Stuart Adam, a senior economist at the Institute for Fiscal Studies (IFS), said parents faced some of the “maddest” tax cliff-edges in Britain once their income climbs above this threshold.
Mr Adam criticised Jeremy Hunt’s decision to withdraw all free childcare entitlements and tax-free subsidies for working parents after they start earning £100,000.
This creates a so-called “cliff-edge” where the Chancellor has left families thousands of pounds worse off, even after a substantial pay rise. The IFS has calculated that it means a parent earning £134,000 with two children could be worse off than someone earning £99,000.
Asked which aspect of personal taxation he would fix if he had the money to address the problem of high marginal tax rates, Mr Adam told an event organised by the Centre for Policy Studies think-tank: “The thing that really looks maddest to me, I probably would actually say the childcare cliff edges at £100,000 because it is so big and the fact that you are worse off earning £130,000 plus than you would be earning £99,000 just seems absolutely insane.”
Individuals also start to lose their personal £12,570 tax-free allowance once their income crosses £100,000, pushing up their marginal tax rate – or the tax paid on every extra £1 of income – to 60pc.
Dan Neidle, founder of Tax Policy Associates, also criticised the policy. “A cliff-edge seems an understatement of a description. It’s an abomination, there’s no place in the tax system for that. And to say that eliminating it is regressive or giving money to the wealthy is the wrong response.
“If we have a tax on beards and we abolish it, the fact that rich people are benefiting is irrelevant. The tax is stupid. That is an equally stupid piece of policy.”
Mr Neidle added that he knew people who were caught in the childcare tax trap.
“Their solution is an obvious one. They turn away work. They turn away workplace promotions, they make additional pension contributions they don’t really want to make. How much revenue is the Government really getting from this clawback? Unclear. But this seems a truly terrible feature.”
Mr Adam calculated that removing the withdrawal of the personal allowance would cost roughly between £4bn and £7bn a year, although this did not take into account behavioural responses that may encourage people to work more.
He also blamed the Tories for introducing most of these high marginal tax rates.
“Almost all of these are problems that have been introduced in the last 15 years,” said Mr Adam. “The tapering away of the personal allowance. The tapering of child benefit. The marriage allowance, the tapering away of the pensions annual allowance. The free childcare cliff-edge. The divergence between Scotland and the rest of the UK are all things that have happened in the last 15 years.

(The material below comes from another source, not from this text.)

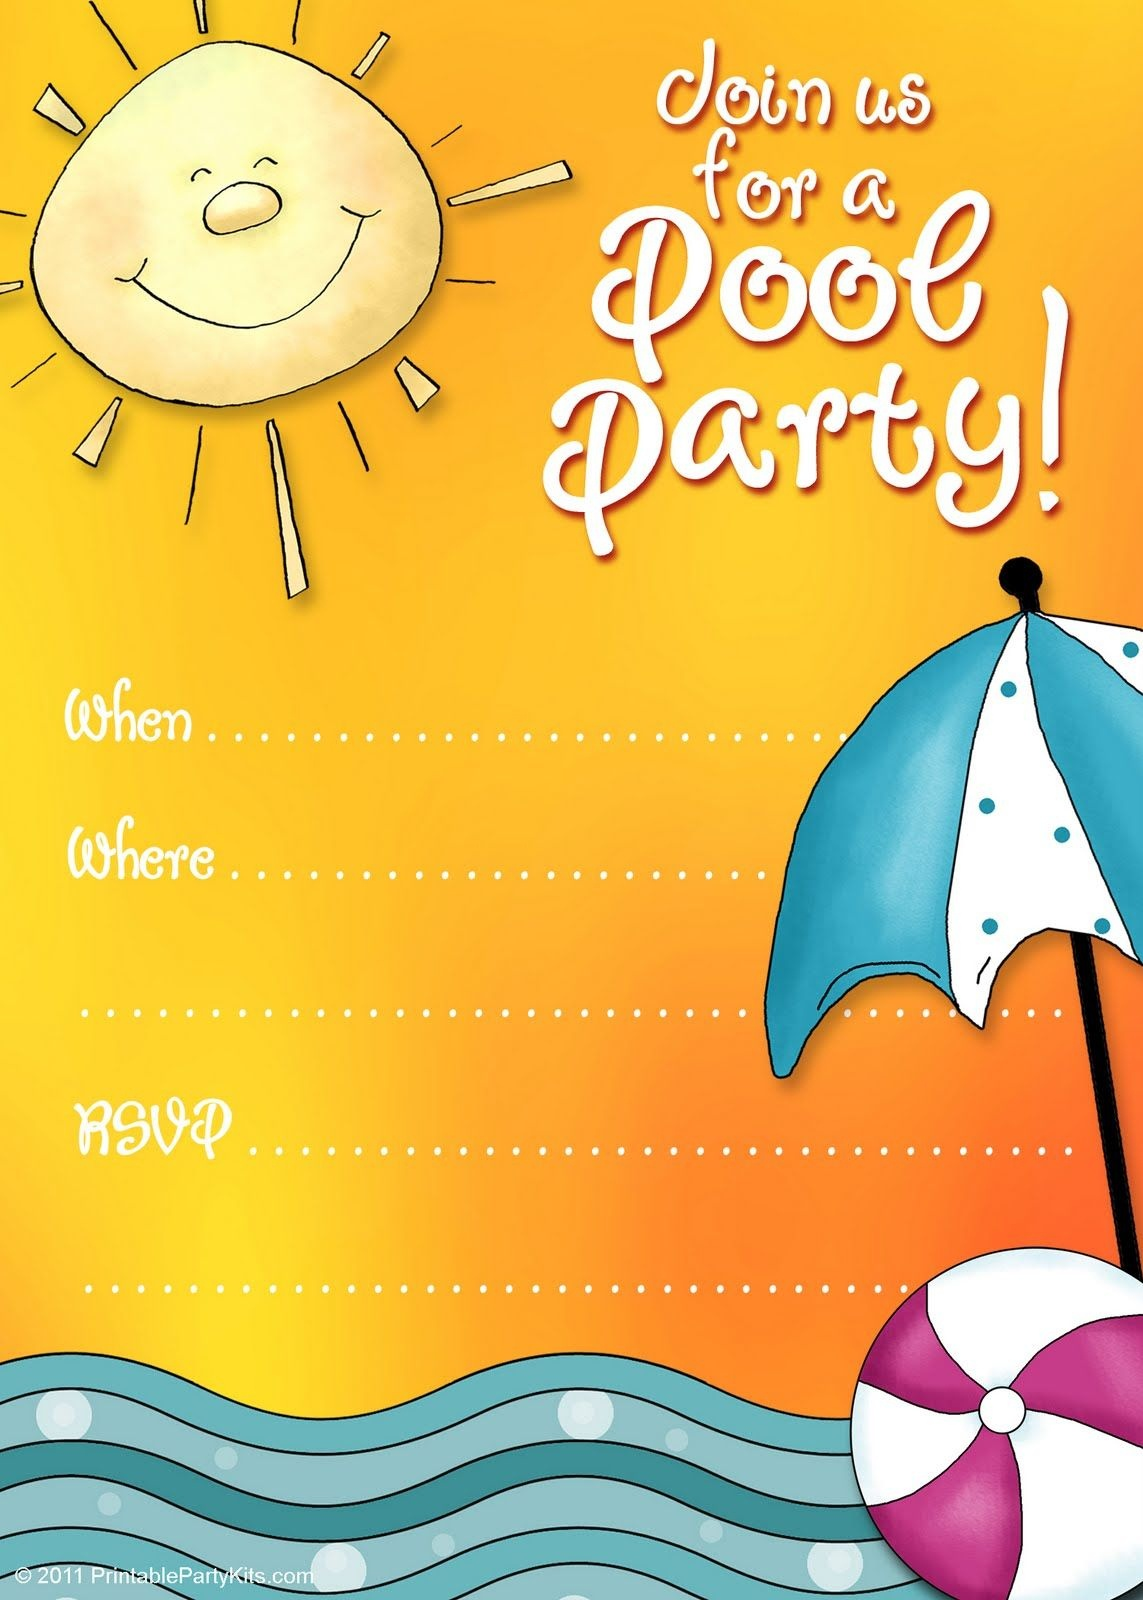 Free Printable Party Invitations: Summer Pool Party Invites   Adhd - Free Printable Pool Party Birthday Invitations

“It didn’t used to be quite like this. I’m not suggesting for a moment there was ever a golden age where everything was wonderful. But we shouldn’t fall into a trap of saying: ‘Well, it’s inevitable, we couldn’t possibly do anything about it’.”
Richard Hughes, the chairman of the Office for Budget Responsibility (OBR), said Mr Hunt faced a choice between making “a small difference to a lot of people or a large difference to a small number of people” when deciding how to cut taxes.
He said: “The [4p cut] to national insurance made a small difference to a large number of people. But the high-income child benefit charge made a big difference to a relatively small number of people.
“There are 30 million workers. The NI cut got [the equivalent of] 200,000 into the workforce. The higher-income child benefit charge affected only 170,000 people but it boosted [the workforce by the equivalent of] 10,000. So that is a relatively big return.
“So I think it does really depend on whether you want to have a broad reach but make it make a small difference, or whether you want to make a big difference to a handful of people facing very, very high marginal tax.”